Hmmmmm....... So, i've delayed enough that i'm just going to start typing and see what comes out.
I think we decided that i'm not a fan of tariki, except for those moments when i am. I think we decided that i'm firmly in the jiriki camp, even though we all know that most of what we do is outside of our control.
Make sense so far? I didn't think so. Try living in my head for awhile and you'll really come to understand confusion. (or delusion? but i'm not going there...)
From my perspective, just like the Buddhist concepts of Ultimate Reality and Conventional Reality, tariki and jiriki are simply two ways of looking at the world. At times, tariki is appropriate, at other times, jiriki is appropriate. Attempting to confine them to opposite corners of the ring and preventing them from slugging it out in the center of the ring just doesn't make sense. In fact, it's impossible; locked arm-in-arm, swinging with both fists and fighting it out in center ring (i.e., your life) is the only place the two concepts can survive.
There is only one person who is responsible for Dave's life, there is only one person who can be responsible for that life, and that is me, the jiriki believing, conventional reality inhabiting me. Nothing gets done without my doing it. Nothing gets learned without my studying it. Nothing is let go of, nothing is surrendered without my agreeing to the release. I'm the only one who can tell Dave to sit his butt down on the zafu, to tell him to start the timer, and tell him to look for his breath until "things" settle down.
But once that settling has taken place, once Dave is gone, I'm once again free to sit on that zafu, free to breath, free to live. It's this I, the same I that you would talk about when you disappear on your zafu, that really runs things. It is this I that is the tariki believing, ultimate reality inhabitant.

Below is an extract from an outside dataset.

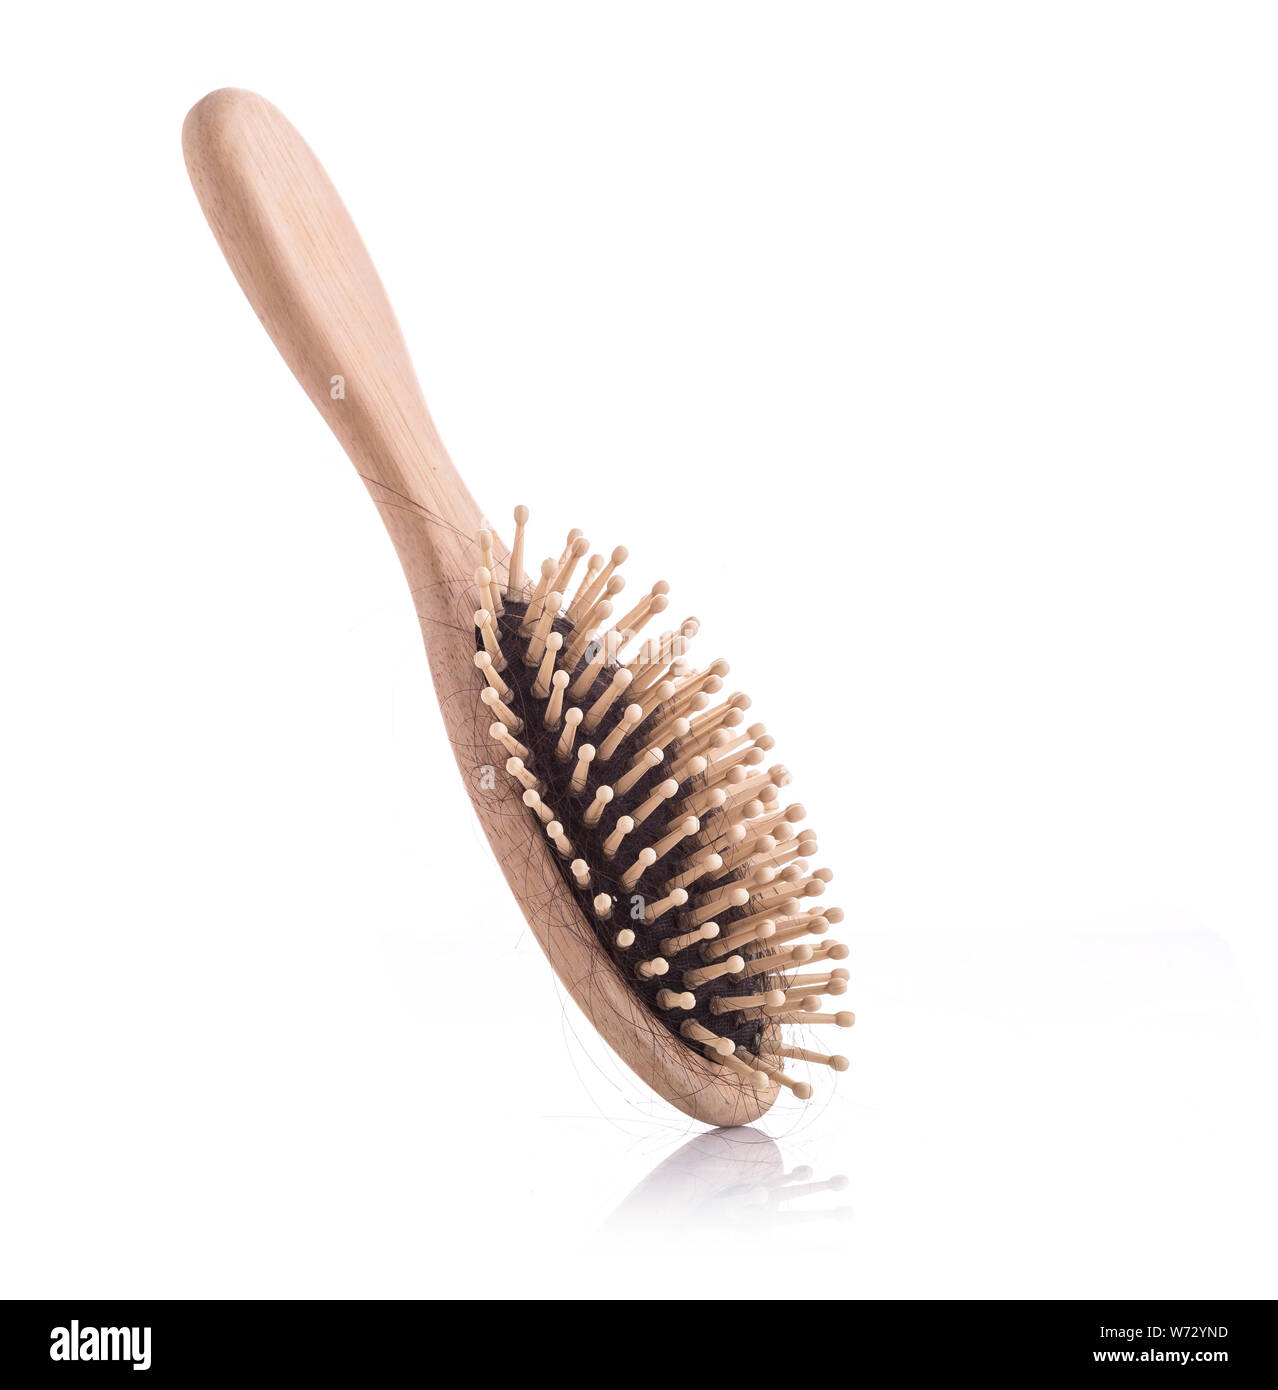 Wooden comb with black hair loss problem studio shot and isolated on white background Stock Photo

So, back to where this was supposed to go.... If tariki means acknowledging some god, buddha, or other deity as the ultimate decider and doer in my life, then i'm don't accept it as a valid or useful part of my life's philosophy. If, on the other hand, tariki means acknowledging that Dave is nothing more than this bag of skin, with a brain and all of the other useful organs stuffed inside, trained and conditioned from birth to act, think, and do in certain unthought-about ways, and that the real me, the I that is you at one and the same time, is who i really am, and that that I is the "other" in tariki,... (whew)... then yes, i can see a place for tariki.
Which brings be all the way back to the henro trail. I occasionally tell stories about how the Daishi was watching out for me on the trail, how things were going wrongly until the Daishi stepped in and set them straight. A lot of henro have similar stories. Part of henro lore is that the Daishi walks with each and every henro, accompanying them and aiding them as necessary. In fact, that's why i start each walk with a trip to Mt. Kōya and the Daishi's mausoleum. I go there to ask for his help and company. Only after doing that do i go to Shikoku and begin walking.
But here is where i have to be honest. I do not believe that the ghost or spirit of that 9th-10th century monk is actually there watching over me. Sorry, but i don't think he is sitting in eternal meditation. When his followers closed the doors on his mausoleum all those many centuries ago, he was really, really dead. (I can't believe i just said that in public)
Yet i do say, still say, and will continue to say that the Daishi accompanies all henro that ask him, that the Daishi watches out for us and keeps us out of trouble, that the Daishi brings help when it's needed. I know that sounds like a contradiction and that i'm firmly in the "other power" camp here, relying on the power of that eternally meditating, unceasingly watchful, always ready to help, promoted to deity status, Kōbō Daishi.
I say it, though, because for me, "the Daishi" is symbolic for that I i talked about above, that I that doesn't walk the henro, trail, on Shikoku, in Spring, even though it's there every second of every day that Dave is doing just that. The Daishi is symbolic for everything Dave sees, hears, smells, tastes, touches, and thinks while on the trail, even though he is none of those. The Daishi is who walks in Dave's shoes when Dave steps out on a break.
I, Dave, firmly believe in tariki, if the "other" referred to is the nothing that manifests as everything, the non-sense that makes sense of everything. And it's when Dave can step out of the way and let that "other" take care of things that it appears that the Daishi is there watching out for him and keep him out of trouble.
I guess the only way to say this is that Dave is firmly in the jiriki camp but I'm in the tariki camp. But, i'm not sure if that sounds all that clear.